Not a slave bound with chains always so literal as handcuffs, nor so visible as bonus cards; but from every side, — legally, economically, physically, politically — he had come to feel constrained, and “slave” did not seem a word too melodramatic to describe the intensity of his feelings about this constraint — his sure feelings of the impossibility of making what a reasonable person might call progress. (And he didn’t feel like a slave — in fact, he often didn’t feel that way — but felt that he was a slave: felt there had been this dramatic palpable change in his societal status.)

He had been raised with the thought that slavery had been abolished some while ago; he was now of an experience that told him such things go away only to return again in more familiar, less imposing forms. To a degree, Margrum felt defeated and enslaved by the mere fact of the sheer quantity of people that were alive with him now (and these people had to be organized somehow after all; slavery, he supposed, would do just fine!) (When there are so many people all about maybe that just naturally results in there being one Pharaoh over all the slaves. Maybe the population size was itself a sort of Pharaoh.) He who had always thought of himself as nothing special but no redundancy or duplicate, now did very much indeed question the grounds for making such a distinction, with all these people grown up around him.

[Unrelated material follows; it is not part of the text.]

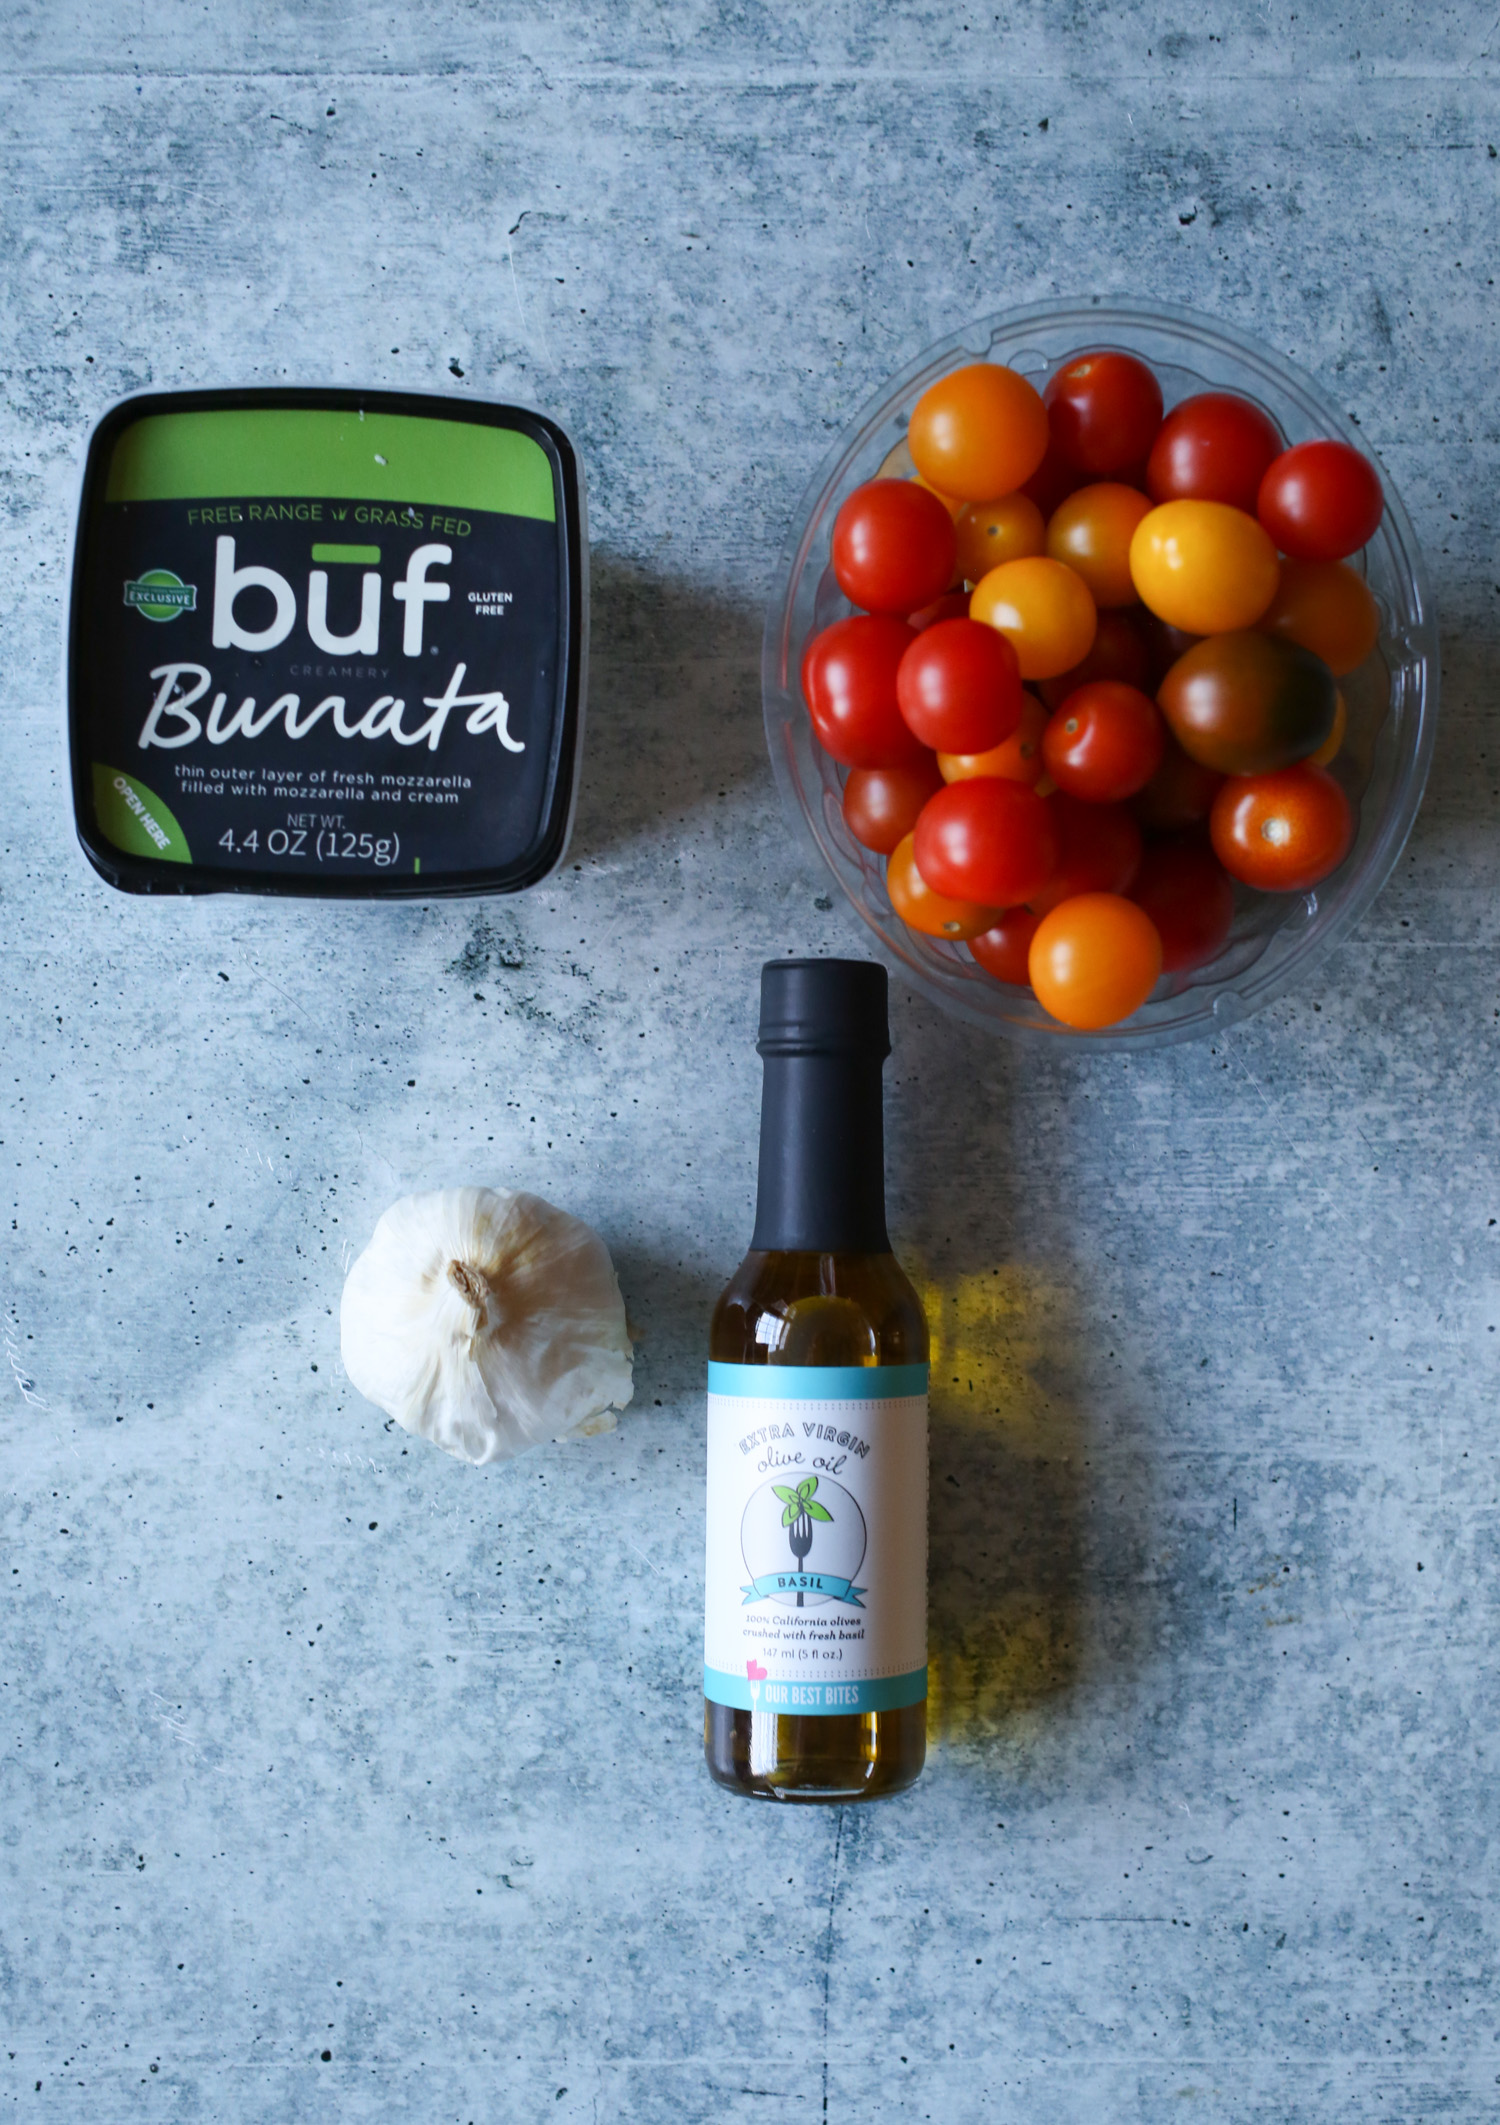 burrata, garlic, olive oil, and baby tomatoes

Or maybe it was not that he had become a slave (he didn’t for example think he belonged to anyone else). Maybe he had only become (without having fully realized it was happening) kind of poor. And a lot of people with him too, a whole class of people made poor without their quite having known. As if he and everyone else he knew, the whole middle class of the country even, or a chunk of it, like a giant ice shelf calved from the polar cap, had been barreling along having a good time, having the feeling they were making progress, only gradually the times became less good, the road more rocky with more traffic, with less space in the overhead compartment, no leg room, with food that didn’t taste right –you had to go to unaffordable stores to get the decent food– until finally they came to understand that they were in the middle class no longer. They still had cars, houses, college educations, children, in many cases, the trappings of the middle class, but now none of it was paid for, none of it was any good. They had cars and homes and educations, but they were shoddy and imbued with cheapness, pieces of paper, and the sense was there was to be no future.

But what most pisses him off at the moment is his can of beer. He’s looking at it and it really pisses him off to the extent that he completely forgets the issue of his enslavement. They have altered the shape of the can to save money and increase profit. It isn’t a comely shape. Anyhow, he’s passed out.

January 22, 2021

……………m t m
……………m . t .m
……………m .. t ..m
……………m t m
……………m …. t ….m
……………m ….. t …..m
……………w …………a R
……………n………..a..v
……………c.e at
……………t………..M mc………..
……………m………..t a….o…….
.v v iR v v
..e a …..,,,,.v a v
hl……………..,,,,,a i
..Limbs. of the. horse
..e. c …………,,,,,.v a
.m h ……….,,,,,.i r
.o iA aIva i r
..

January 21, 2021

A throwback to PLANTS days, I think this concerns the Delphinium ajacis, the origin story of which is related to the Homeric hero Ajax.

Pausanias 1.35.4 [English]

λέγουσι δὲ οἱ περὶ τὴν Σαλαμῖνα οἰκοῦντες ἀποθανόντος Αἴαντος τὸ ἄνθος σφίσιν ἐν τῇ γῇ τότε φανῆναι πρῶτον: λευκόν ἐστιν, ὑπέρυθρον, κρίνου καὶ αὐτὸ ἔλασσον καὶ τὰ φύλλα: γράμματα δὲ ἔπεστιν οἷα τοῖς ὑακίνθοις καὶ τούτῳ.

You are not full with it, and it is not full with you, and yet you can be no where else.

January 20, 2021

Leering at attractive persons, objects, as the opposite of Schopenhauer’s “pure subject” (and maybe of scientific inquiry also — is leering the opposite of science or can one be said to leer through a microscope? Maybe the scientist as a scientist is like the artist as an artist a pure subject.)

Rather than becoming “full” with the object, rather than concentrating on it, one is distracted by it and made to vanish in it… You are not full with it, and it is not full with you, and yet you can be no where else. One is objectified by the object (made into a leerer for one thing) rather than being the observing subject of the object.